We got off in Augsburg and found the man in the red hat.  My young friend was explaining our situation.  The longer the conversation went on, the clearer it became that we had a superior/subordinate situation.  Mr. Red Hat was in a position of authority and my spokesperson was probably a high school student.  It was going down hill.  Finally, I understood Red Hat to say, “All the children in Deutchland know that the snell train doesn’t stop in Goeppingen on holidays.”  I immediately said, “Ich bin kein Kind aus Deutchland” (I am no child from Germany).    He was startled.  It was the first time that he realized that I understood what he had been saying.  He looked at me in my Army green uniform and new major’s hat (scrambled eggs outranks red) and, after a pause, he only said one word.  “Come.”

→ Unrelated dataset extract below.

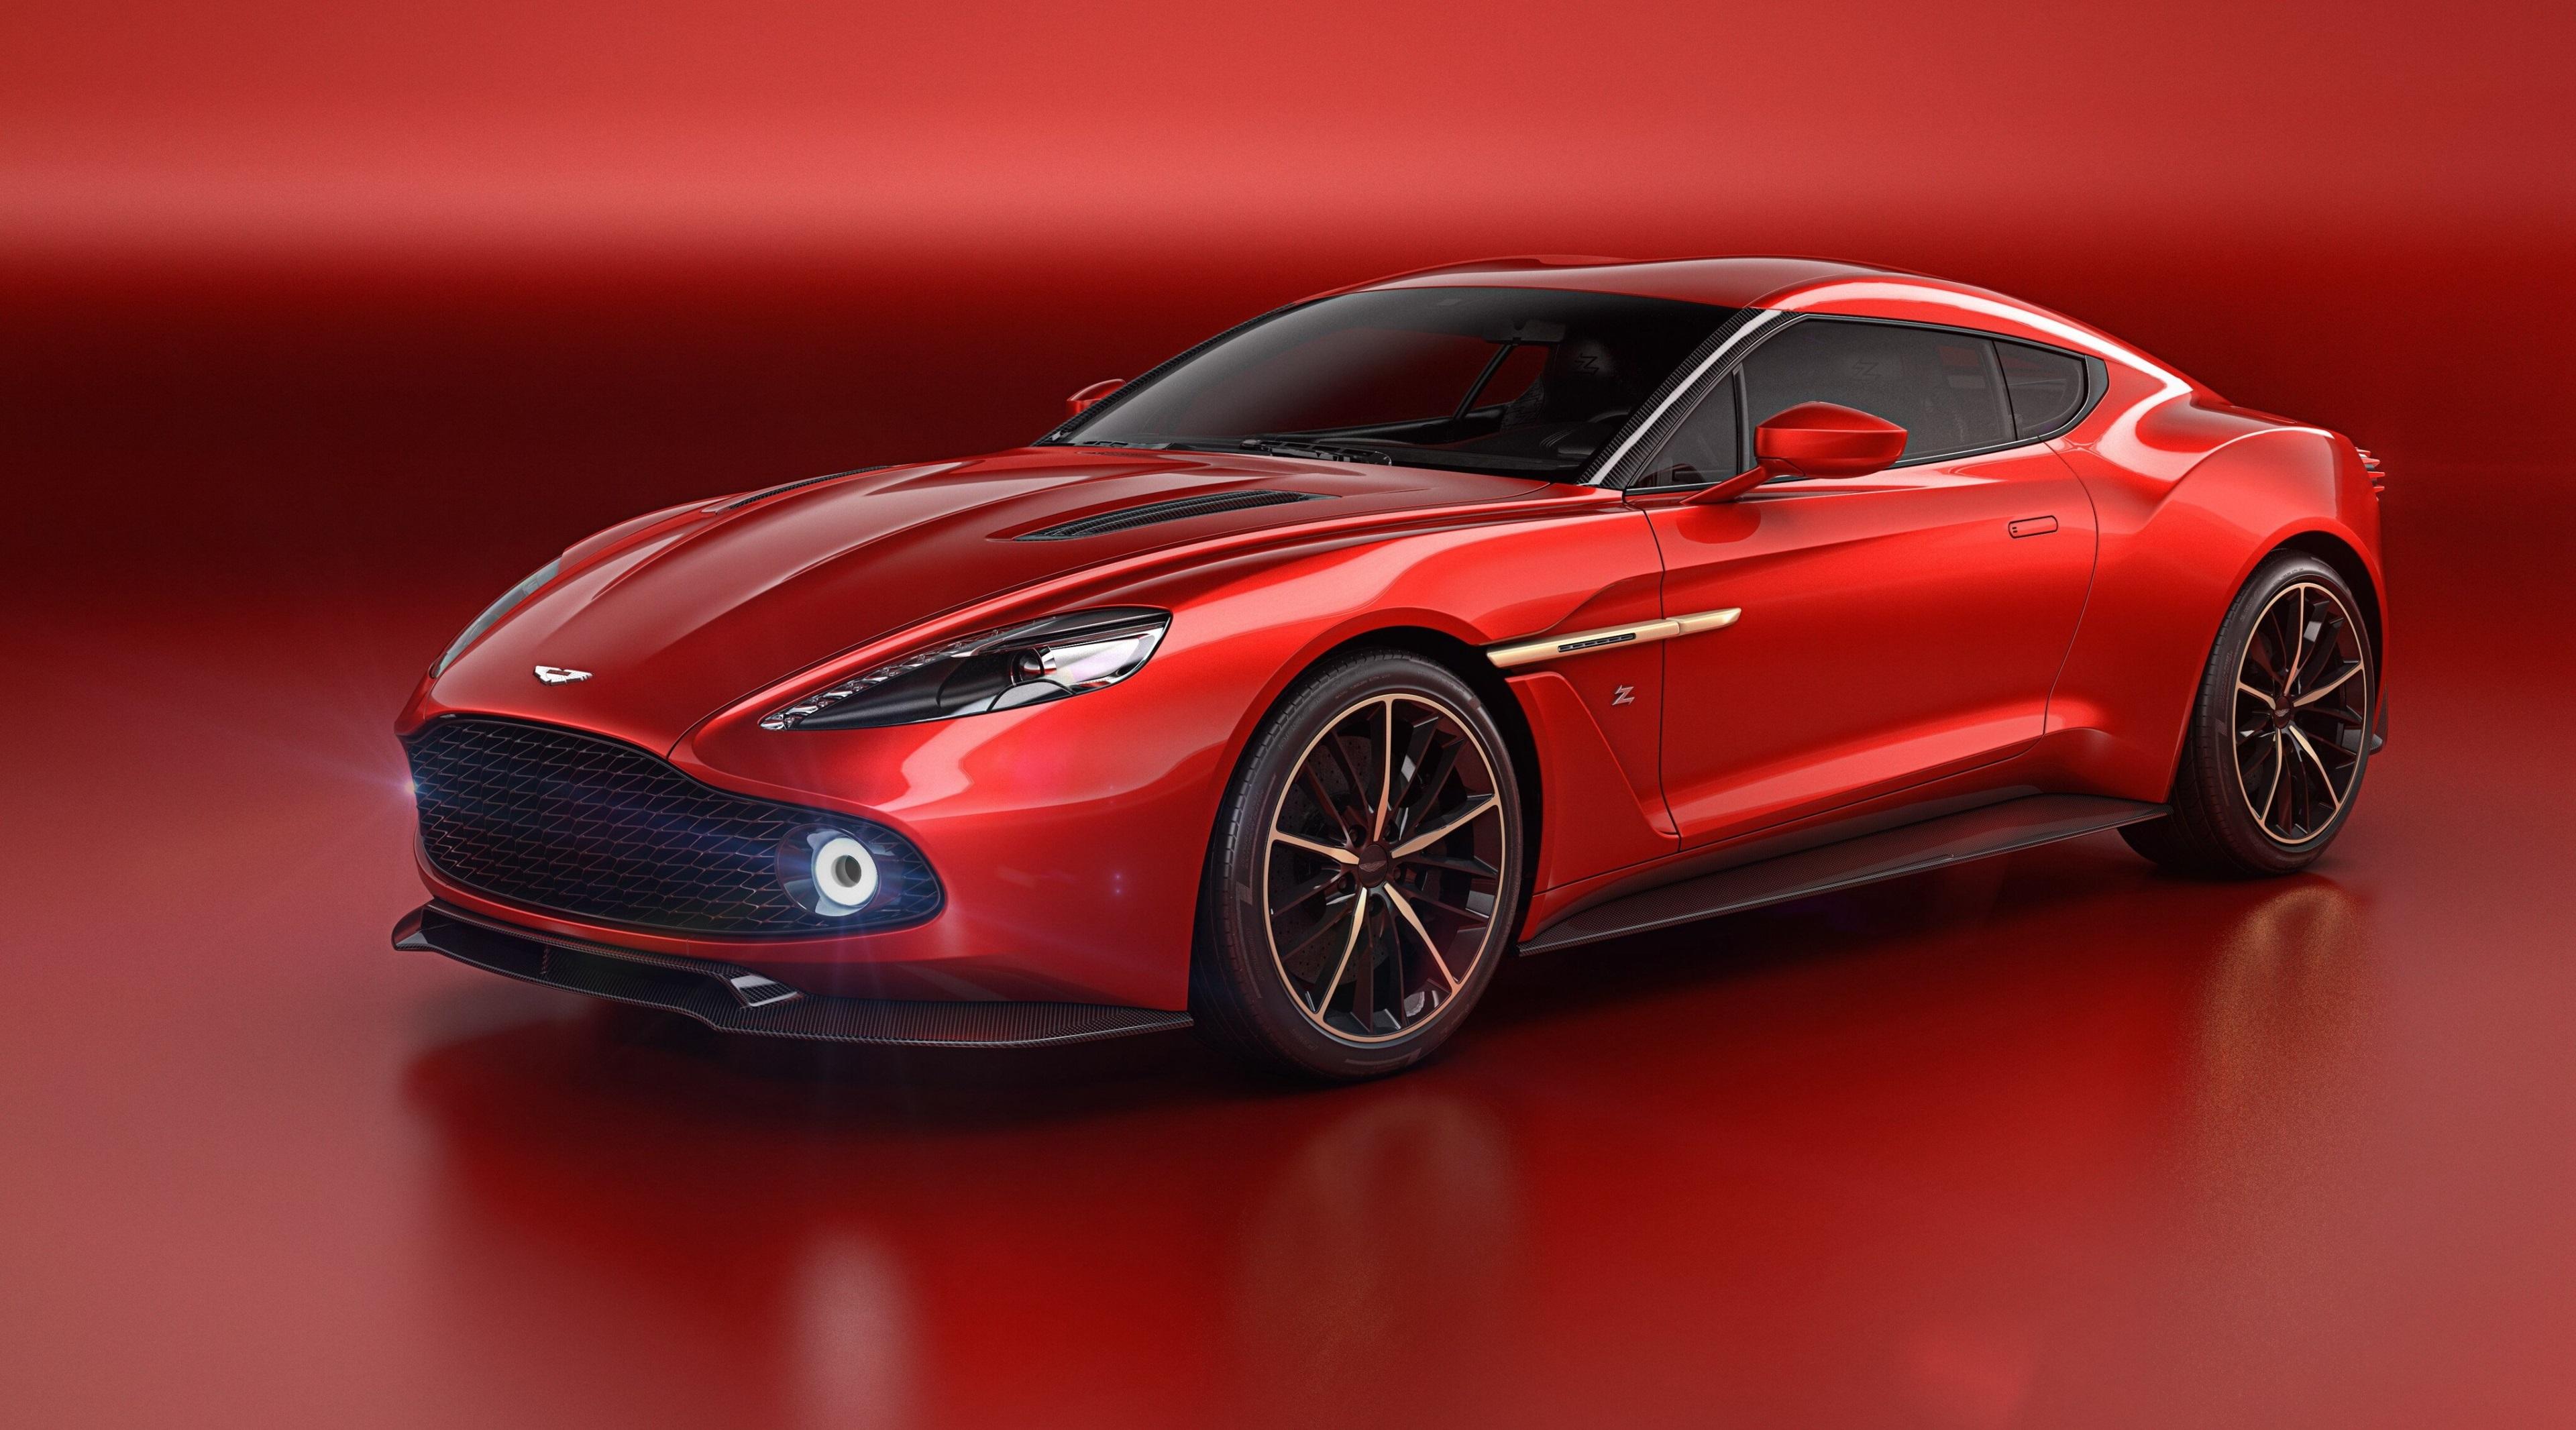 Aston Martin Hd Wallpapers 1080p 3840x2132 Wallpaper Teahub Io

Well, we got our free trip back to Goeppingen and my young friend was probably thankful that I was along.

Some years later when I was at the Department of Transportation, I was invited over to the White House for a briefing on universal health care.  The speaker was addressing all the countries with universal health care and explaining the different problems with each system.  When he got to Germany, all he said was, “The German system works pretty well as long as all the participants are German.”   Jawohl!



SOLO in Dallas


You can’t imagine how wonderful I feel when I see our Nation honoring member of our Armed Forces.  Regardless of how individuals feel about Iraq, no one is taking it out on our fine soldiers.  It wasn’t that way during the Vietnam War.

I never understood it, but during Vietnam, people despised us because we wore the uniform of our country.  The war and the uniform were indistinguishable.  We didn’t make policy, we just honored the oath we took to serve our country.  It may have been worse for JAG officers.  The military appeals court was extremely liberal (and goofy)  and we had to advise commanders, in certain cases, that prosecution was not a good idea, because we couldn’t get a conviction or the conviction would not survive on appeal.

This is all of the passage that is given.